Good for you for getting out now and having the courage to leave him. It takes strength to stick to your guns to get away from someone like that.
You have not done anything wrong. Keep telling yourself that. You are not wrong for wanting to feel safe in a relationship. You are not wrong to be afraid of him. You are not wrong for knowing that his cry of suicide was an attempt to continue to control you. You are not wrong for knowing that he must encourage the other woman because she believes he's her boyfriend. His guilt trips are an attempt to continue to control you. Keep using that strength you've already shown by leaving him. If you have a moment of weakness, find someone who will be strong for you.
As for your belongings, is there anything that you absolutely need? If yes, then have a police escort. If you can replace your belongings, it might be worth it to you so that you can continue to be strong and keep your dignity.
He's in the wrong and not you. For one, he cheated on you so you should even be around this guy. Secondly, he is treating you like dirt. That is two negatives and you need away.
You may want to think about getting a restraining order on him.
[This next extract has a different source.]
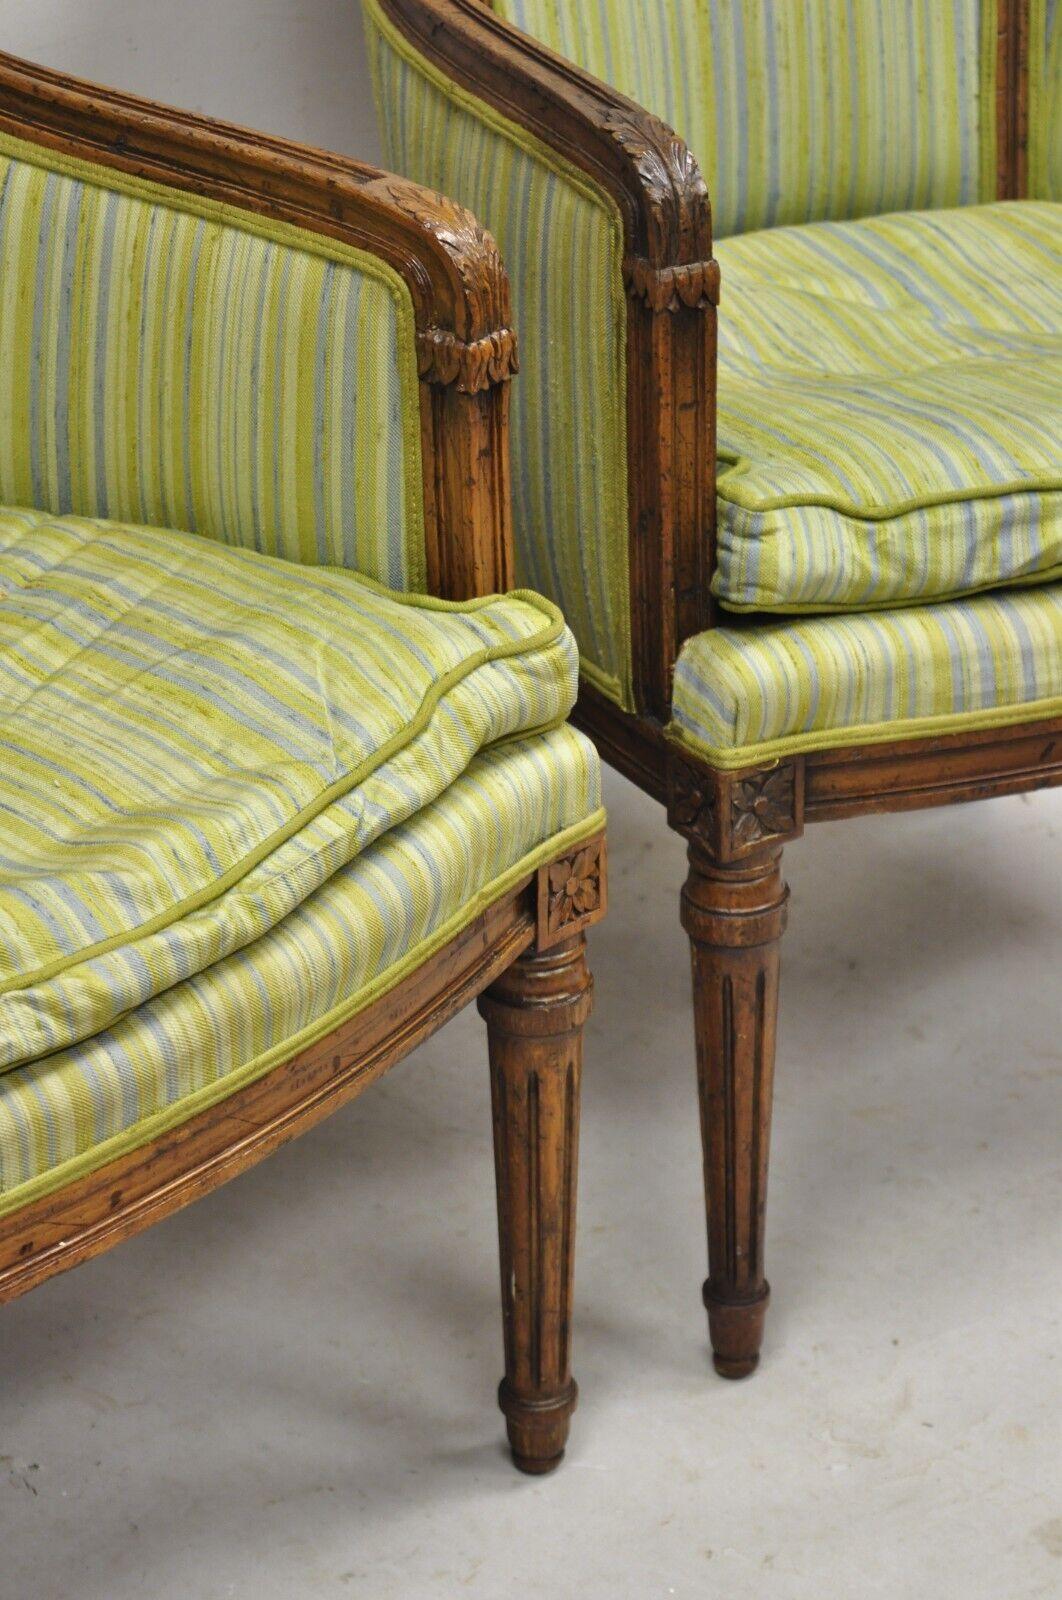 Antique Italian Regency Distressed Carved Walnut Barrel Back Club Chairs - Pair For Sale 8

He slapped you and may be tempted to do it again. This guy abused you and may do it again. You need to get the protection order.
You need to keep your distance from him. A guy like this will put the quilt trip on you and turn things around like its your fault...its called verbal abuse and he physically abused you with a slap...GET OUT NOW...save yourself.
He sounds like an obsessive - AND ABUSIVE - boyfriend!! Stay far away from him. Or better yet RUN from him. Don't linger around! Once he hits you and cheats on you, he will do it again, again, again and again.
Please GET OUT! I have been in 2 obsessive relationships in the past. There was no cheating or lying, but possessiveness, jeolousy, suspicion, insecurity, etc. which lead to being held against my will and being pushed down, etc. You are not married to this cheating freak, so do not wait around for a second time. Anyone who says that they are going to kill themself is being selfish and manipulative. If he does do something to hurt himself (which he probably will not because the people who normally intend on doing it don't offer warnings), it will not be your fault. You deserve someone who is loyal and loving towards you, so the best thing that you can do is walk away. Cut it off completely and do not even talk to him. Keeping contact gives him hope and keeps you connected to him.
oh yes, definetely have somebody there with you when you get your stuff...i left a bad relationship years ago and i wouldn't go get my stuff until i had a friend go with me...sadly too much time had passed and he had burned half my and my deceased daughter's belongings...so please, get an escort or a friend to go with you right away if you really care about some of your stuff...he sounds like a dangerous guy and you need to get as far from him as you can...
Thanks for you help guys. I have moved out for sure and have told told him where, even though he asks. I am working hard at cutting ties but it is difficult. Thanks for all of your support with this.
I am feeling somewhat better now
Thing to be looking on the uprise but don't let his words get to you. Pending on how he may react but it may not have been a good idea to tell him where you moved. If he does harass you then you can seek legal action...Best wishes to you
He has now proposed marrage and given me till monday to 'think it over'. Nothing is going to make me change my mind. I could not be his girlfriend what makes him think that I would be his wife!?! What do I do? I dont want to hurt him but I can and will not change my mind. I can stop the fact that I love him but I will not change my mind. am I being stubborn or just doing what is right for me. HELP ME PLEASE!